Mutual funds are professionally managed funds and are a popular method of investing, particularly with investors with smaller sums of money. But how do you identify mutual funds from other investments? Here are some tips to get you started.
- Funds are pooled with other investors. This is the key to mutual funds which are in fact managed funds. The professional managers invest the pooled funds on behalf of investors. Rather than buying a number of shares as when investing in stocks your money purchases a number of units. In this way small sums of money can be invested in a number of different assets, giving you diversification without the need for large sum of money.
- Professionally managed. As already noted the funds are professionally managed by people who are trained in the area of investing. They have the resources and skills to manage your funds on your behalf. This is the manager's job so they are working daily leaving you to concentrate on things that you enjoy doing. They have constant contact with the markets. This does not mean that all fund-mangers are the best but there are things you can do to check how respected the funds and the managers are through research houses such as Morningstar. Your financial adviser can also help you here.Read the prospectus of the company to find out how disciplined the company is and how it adheres to the strategy that it states.

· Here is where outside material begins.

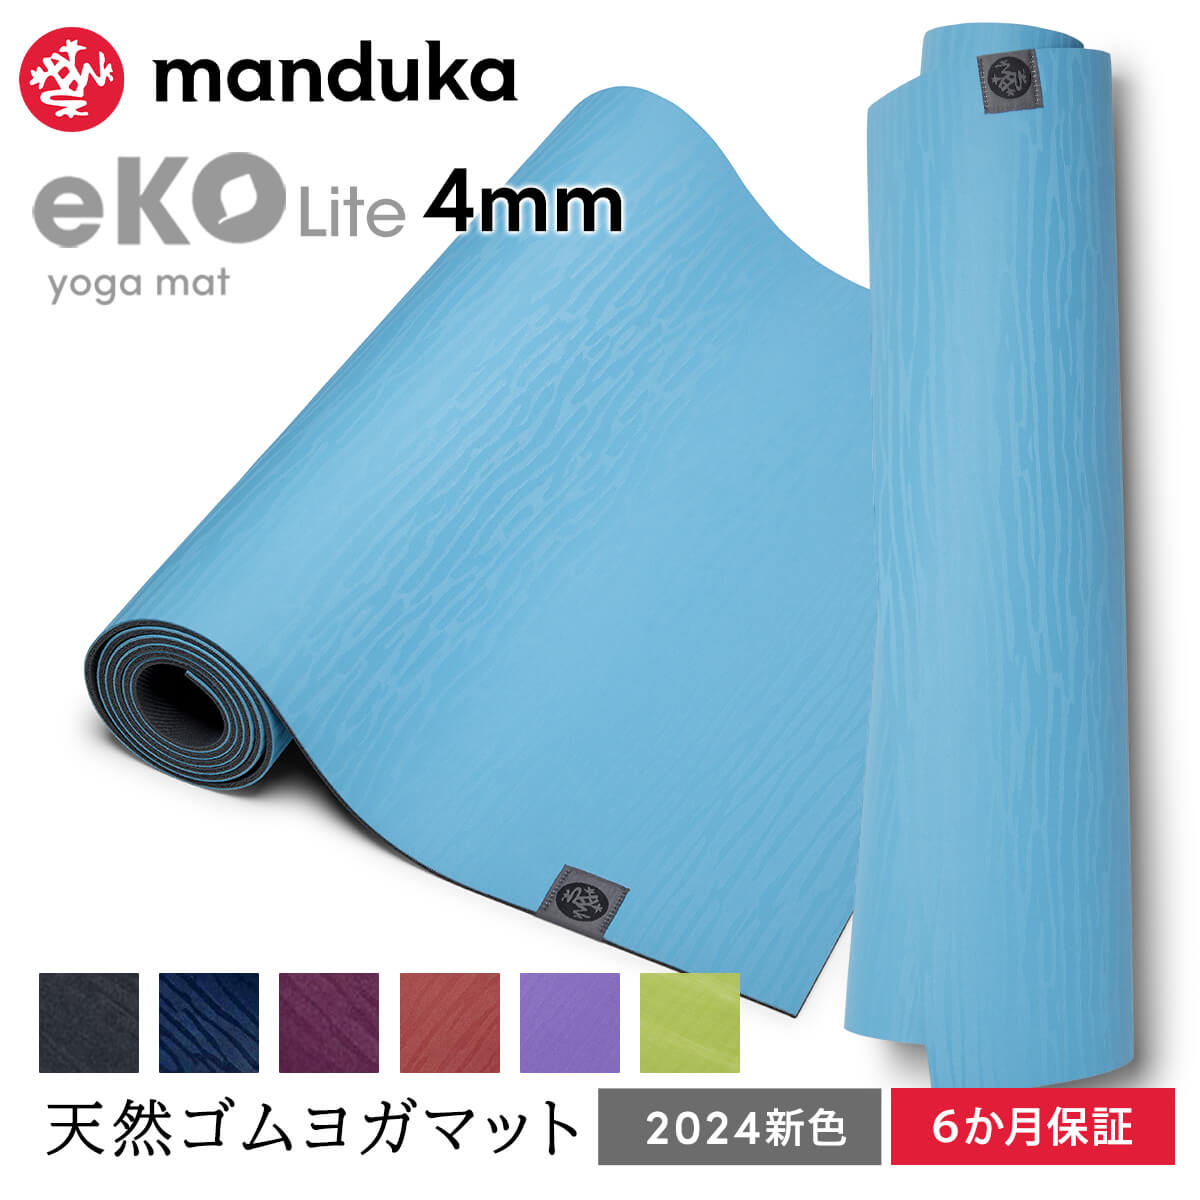 マンドゥカ Manduka ヨガマット エコライト 4mm 《6か月保証》日本正規品 | eKO Lite yoga mat 天然ゴム 筋トレ トレーニング ピラティス 柄 24SS MR [ST-MA]001 RVPA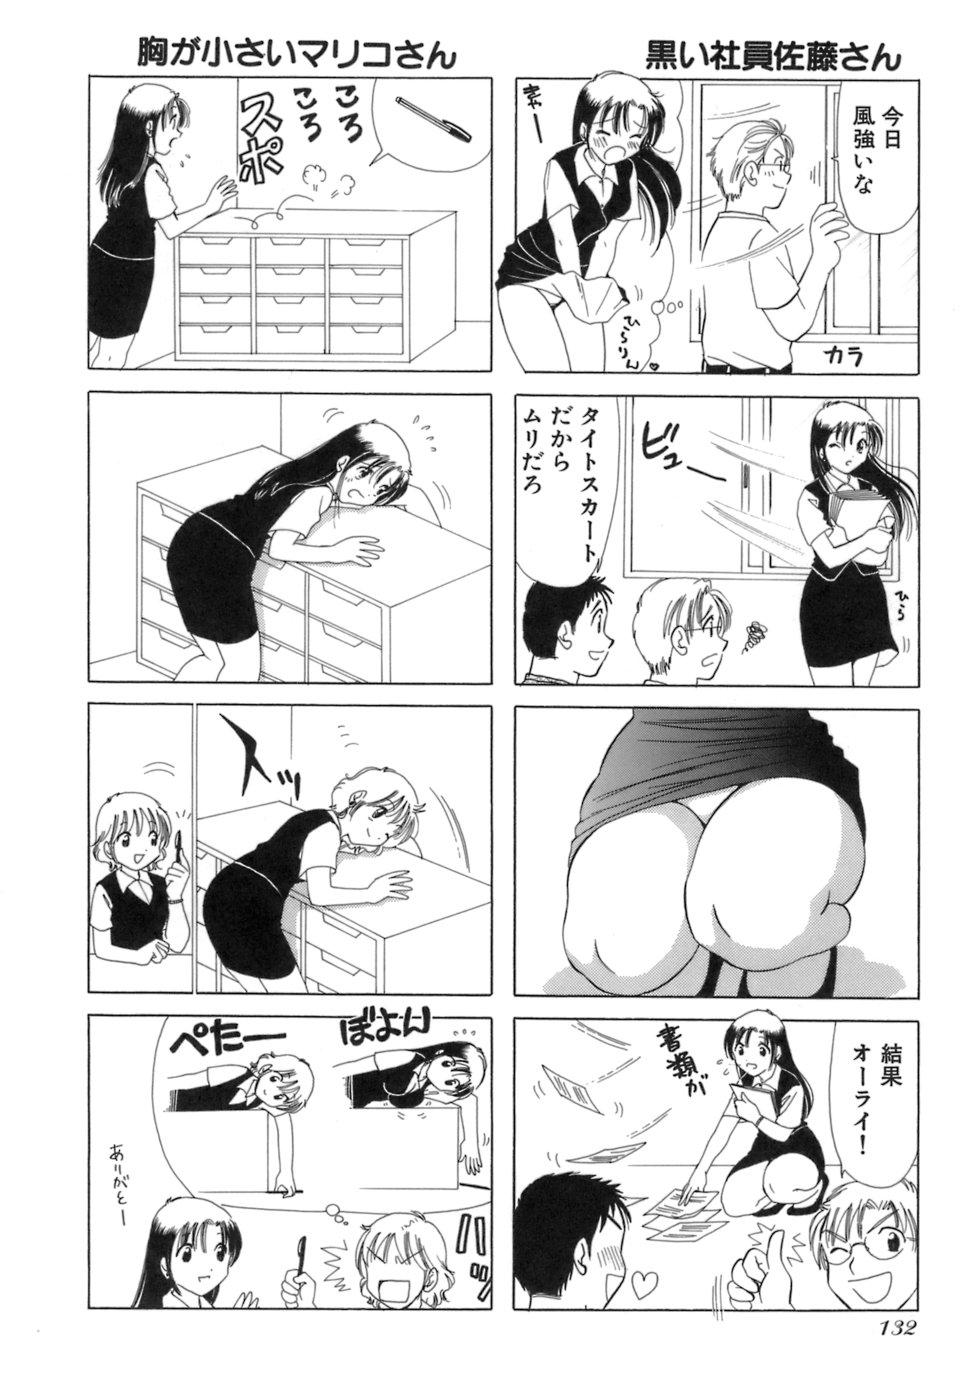 Eriko-kun, Ocha!! Vol.03 134

- A prospectus is available. A prospectus is a legal document that is approved by the country's Security Commission and shows areas that the mutual fund is allowed to invest in, such as shares and bonds. It provides details of all financial matters relating to the investment option. In New Zealand, apart from the prospectus, you must be supplied with an Investment Statement which has certain questions answered in plain terms rather than investment jargon.
- Most funds are administered by a board of directors and many have trustees who oversee the management of the funds, making sure they are appropriately managed and invested in terms of the investment strategies of the funds. The funds are subject to specific regulatory, accounting and tax rules.
- The funds' investment objectives define the type of securities in which the fund will invest. There are a range of different types of funds and these can be listed equities or stocks, bonds or fixed interest, cash or money markets. There can be a combination of all asset classes as well, providing true diversification for investors.